University of Puerto Rico School of Medicine San Juan, Puerto Rico
Valerie Cabrera Leon, MD, Victor Ortiz Justiniano, MD; University of Puerto Rico School of Medicine, San Juan, Puerto Rico
Introduction: Gastrointestinal motility is produced by two types of smooths of muscles in the gastrointestinal tract which are circular muscles and longitudinal muscles. These muscles are stimulated by a complex multifaceted connection between intrinsic enteric nervous system and central nervous system. The enteric nervous system is composed of Interstitial cells of Cajal, submucosal plexus, myenteric plexus, migratory motor complex and gut neuromodulators. Gut motility disorders are derived from numerous etiologies that arise from the muscular, nervous, cellular, molecular components. Pediatric intestinal pseudo obstruction is a disorder that needs early diagnosis and prompt treatment to avoid associated life-threatening complications.

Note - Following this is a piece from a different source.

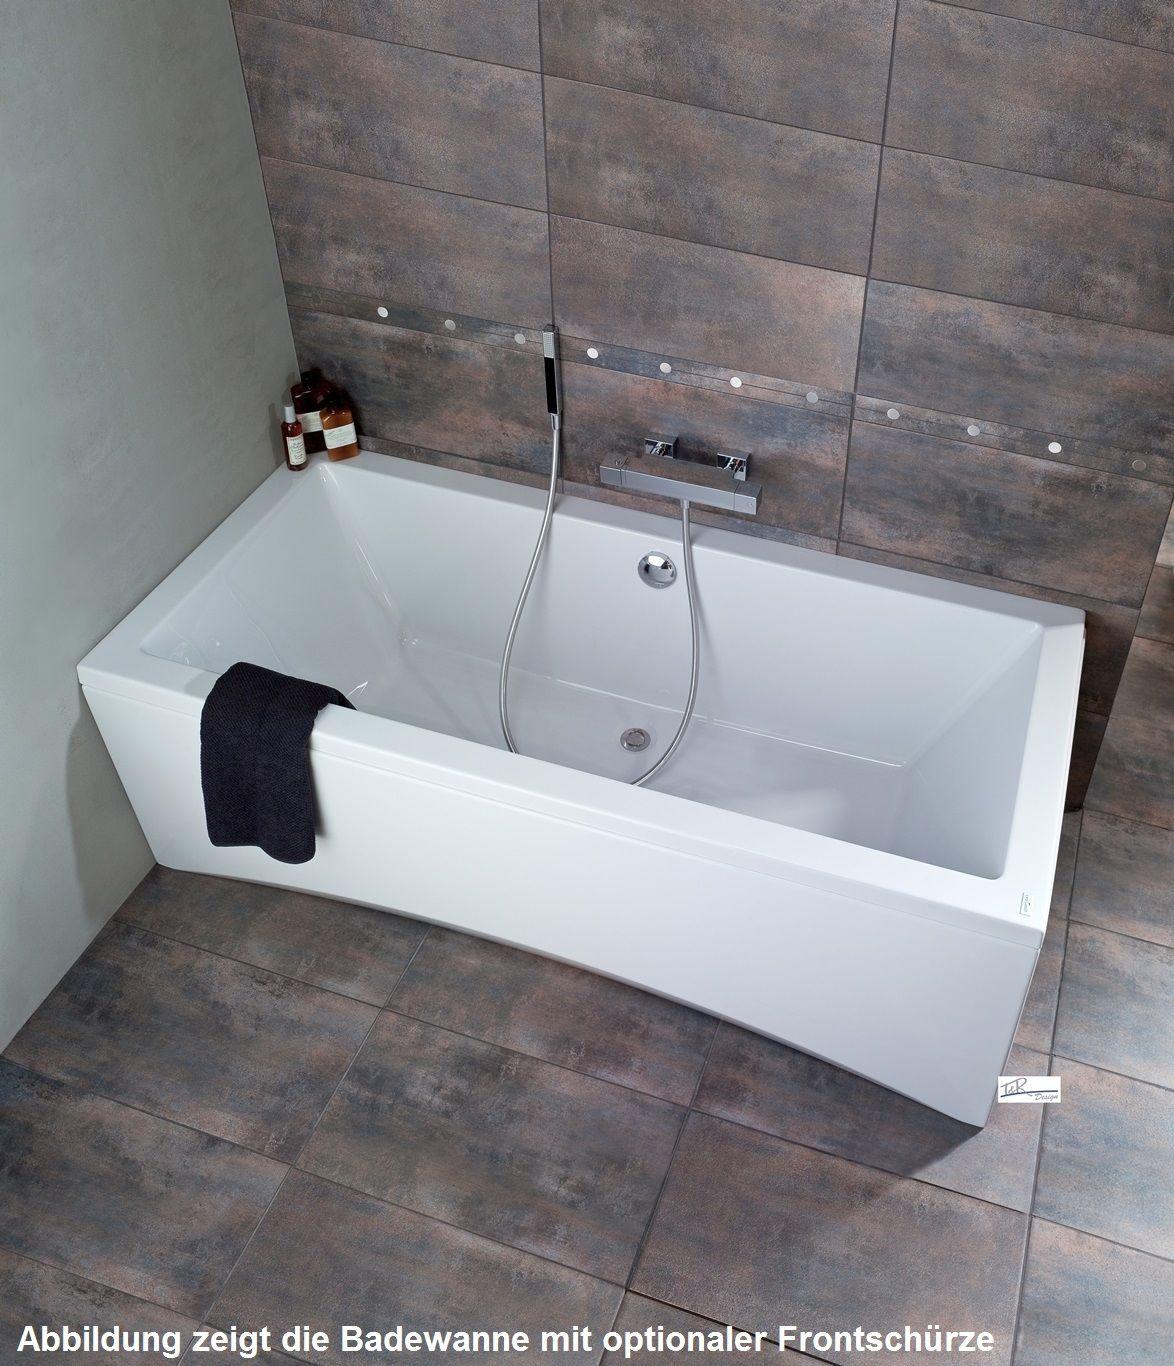 badewanne intro 170 x 75 top seller zum schn ppchenpreis. Black Bedroom Furniture Sets. Home Design Ideas
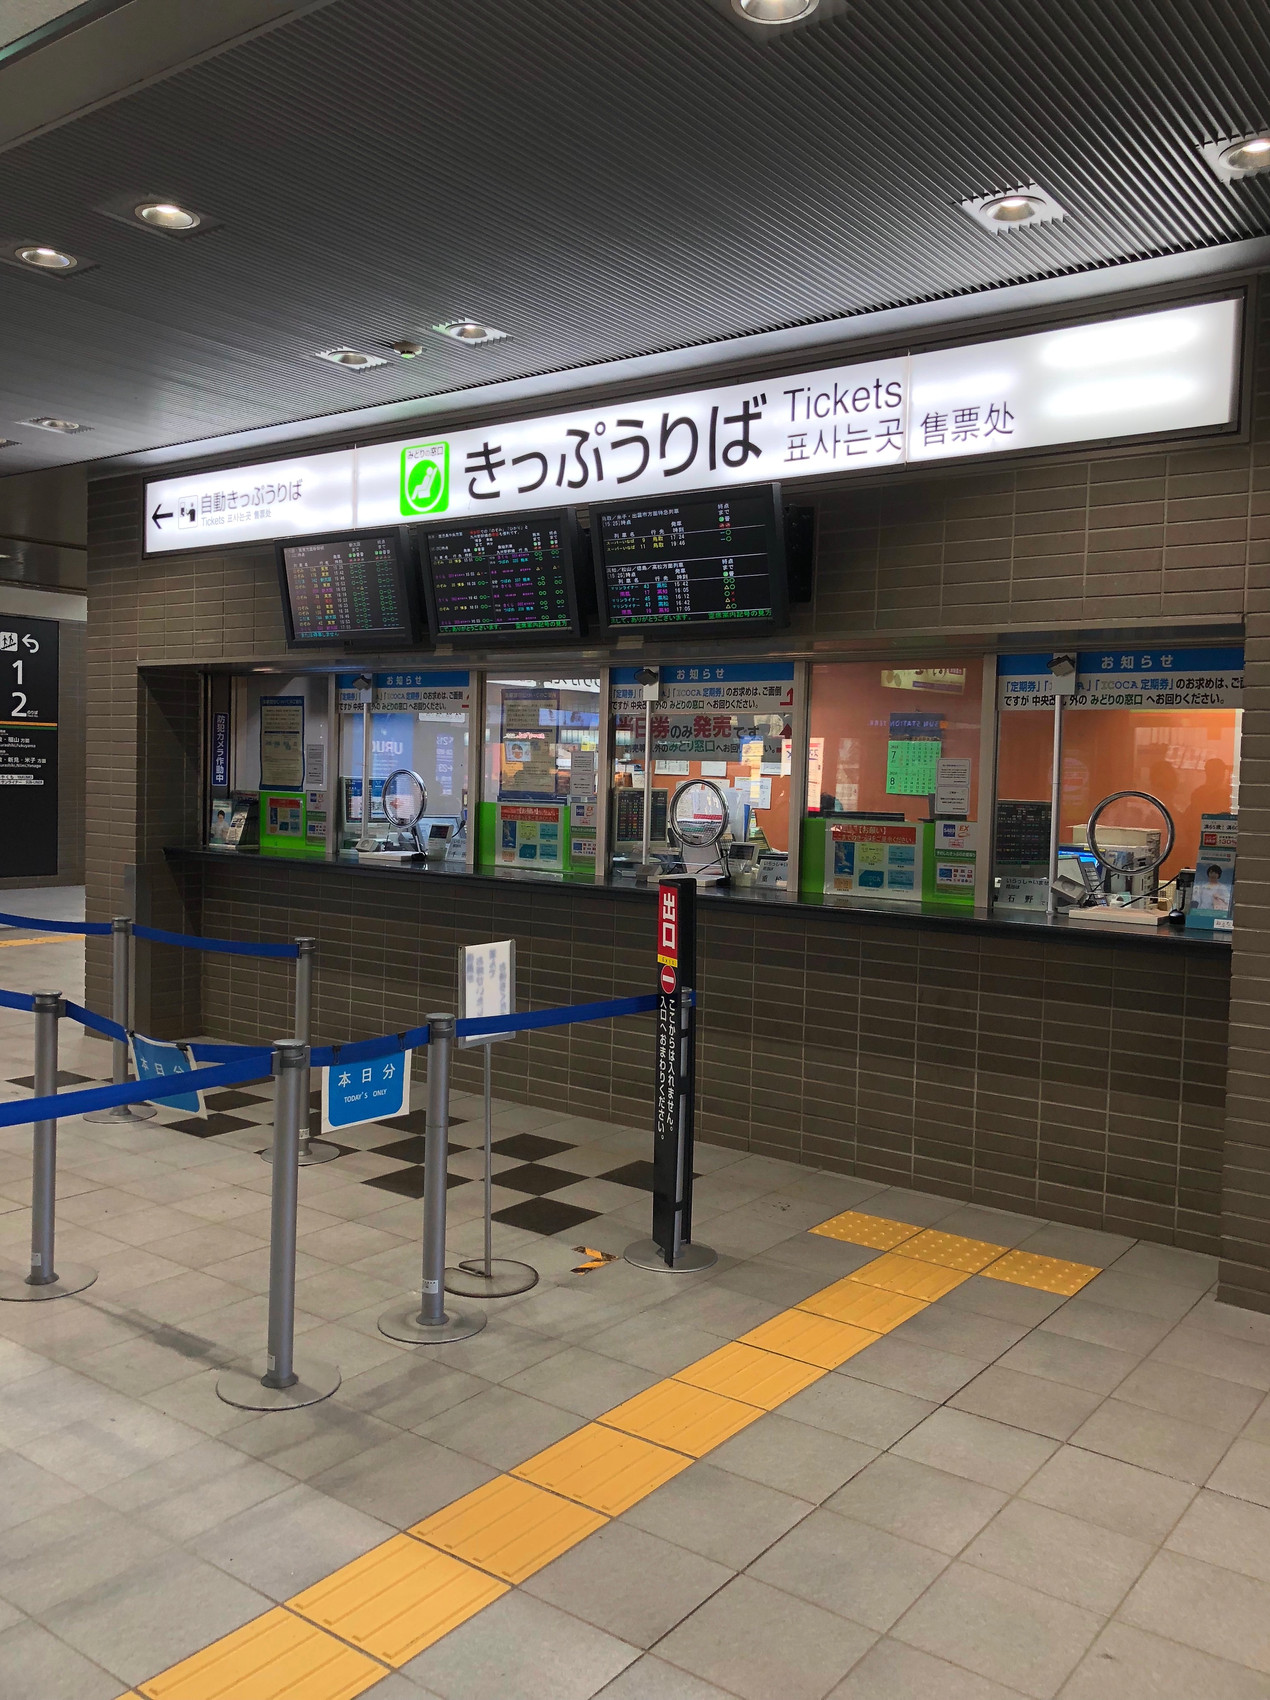 JR Shinkansen Ticket Counter

Methods: A 27 weeks gestational age baby girl born to a 25 year G1P0 mother with history of abruptio placenta and chorioamnionitis was admitted to the neonatal intensive care unit due to extreme low birth weight and prematurity. Patients developed disseminated Herpes Simplex Virus infection complicated with left grade 2 intraventricular hemorrhage. Afterwards, patient developed persistent total parenteral nutrition dependence, enteral food intolerance, marked intestinal dilation and constipation for 4 months since birth. Rectal biopsies rule out Hirschsprung disease. Multiple abdominal x-rays showed marked diffuse intestinal dilation. Water soluble enema study revealed inflammatory changes suggestive necrotizing enterocolitis. Patient was taken to the operation room since no clinical improvement. Intraoperative findings included viable intestinal tissue without ischemic change and no mechanical obstruction. After negative exploratory laparotomy we decided to perform a rigorous review of literature regarding intestinal dysmotility disorders. Discussion: Our patient was diagnosed with pediatric intestinal pseudo obstruction based in our review of literature which is a intestinal motility disorder. Our plan was to perform multiple full thickness intestinal biopsies to confirmed diagnosis and surgical management with decompressive gastrostomy and ileostomy. Unfortunately, patient developed acute-clinical deterioration due to septic shock, catheter-related bacteremia and multiple organ failure. Functional motility disorders should be included as a differential diagnosis once mechanical obstruction rule out. Our aim is to provide awareness of early identification of PIPO and management since life-threatening complications may develop.
Disclosures: Valerie Cabrera Leon indicated no relevant financial relationships. Victor Ortiz Justiniano indicated no relevant financial relationships.